Half of me wants to ‘fix’ it, and I have tried. There have been professionals – a nutritionist, an endocrinologist, a therapist. There is a small library of books. There have been eating programs ranging in theme, from eat-all-you-want-and-let’s-try-to-curb-this-obsession to count-calories-and-get-your-weight-down-cos-this-is-dangerous.

I am in the land of therapy, medical help and self-help. I have investigated and practiced many, many things. And yet her obsession for food and eating continues, albeit to a lesser, more manageable, extent (although that’s maybe just me being in a bit of denial). And I, more and more, say to hell with it. I celebrate the fact that she is beautiful and confident and, most importantly, healthy. And I celebrate the fact that there are now people like Jes as role models.

But still. Still…

Would I prefer that Sweetpea was skinny or average or just a little plump? Yes. Just as I would prefer that I didn’t have to count Points and choose chips and wine over a full meal, because Weight Watchers doesn’t ‘allow’ you to have it all. Just as I would prefer to not have to weigh in somewhere and pay strangers money to see a scale fall so sloooowly each week that it hardly seems worth doing.

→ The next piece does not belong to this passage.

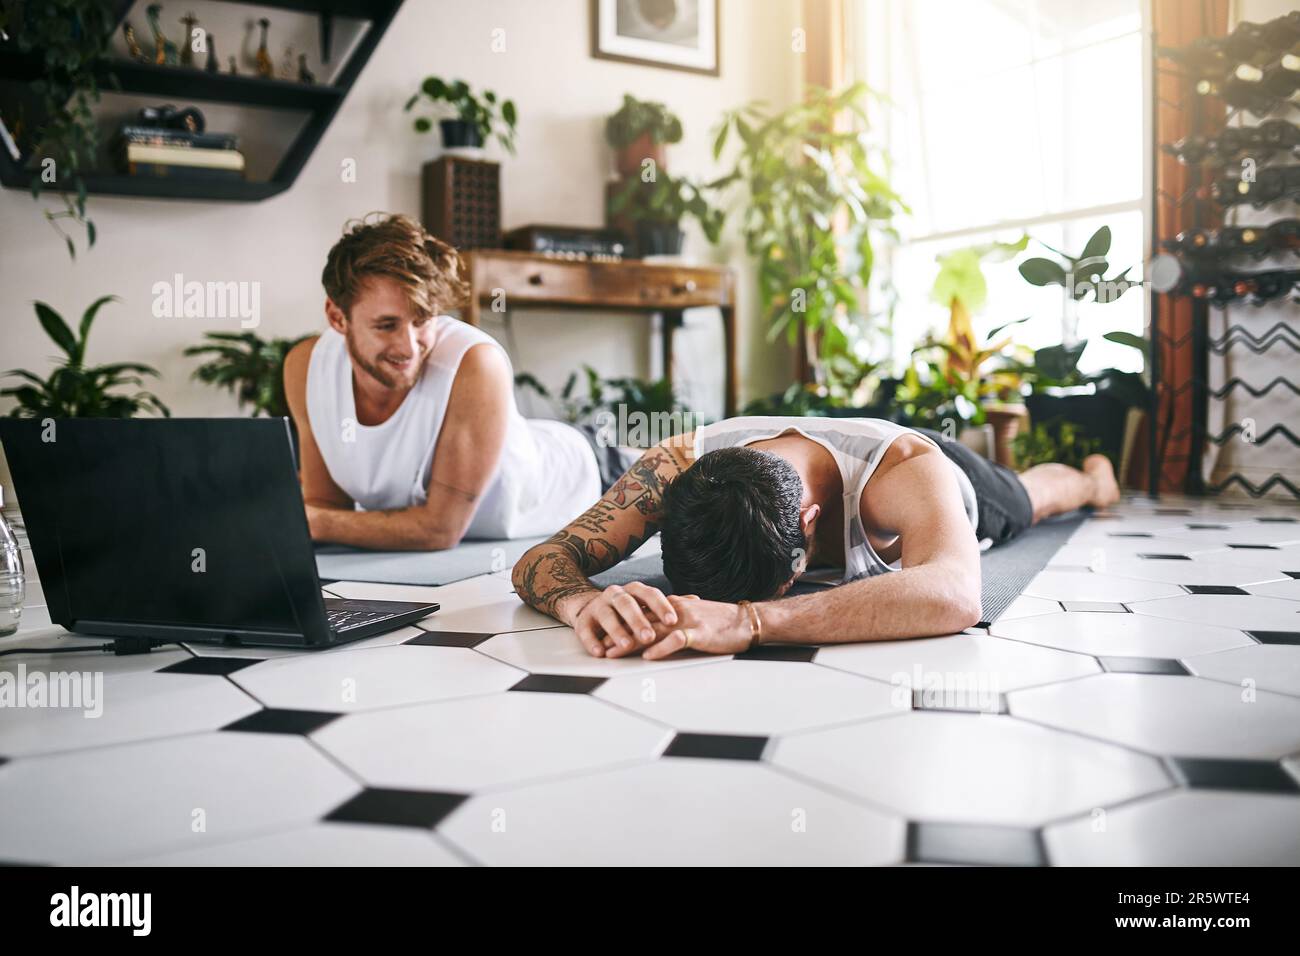 Il n'y a aucune honte dans un jeu de yoga faible. deux hommes prenant une pause après avoir passé par une routine de yoga en ligne à la maison. Banque D'Images

There is not an end, a conclusion, to this blog entry. And that’s because there is not an obvious solution to my, and Sweetpea’s, problems. The pendulum swings for me, from a “f***-it-all” attitude a la Jes, to the other extreme, where I am blissful in my Size 8 jeans and soaking up the “You look great!” comments from other women (because, let’s face it, men barely notice). And it settles, for the most part, somewhere in the middle, a place that says (and I repeat this to Sweetpea so many times): We come in all shapes and sizes. Let’s just try and be healthy and happy.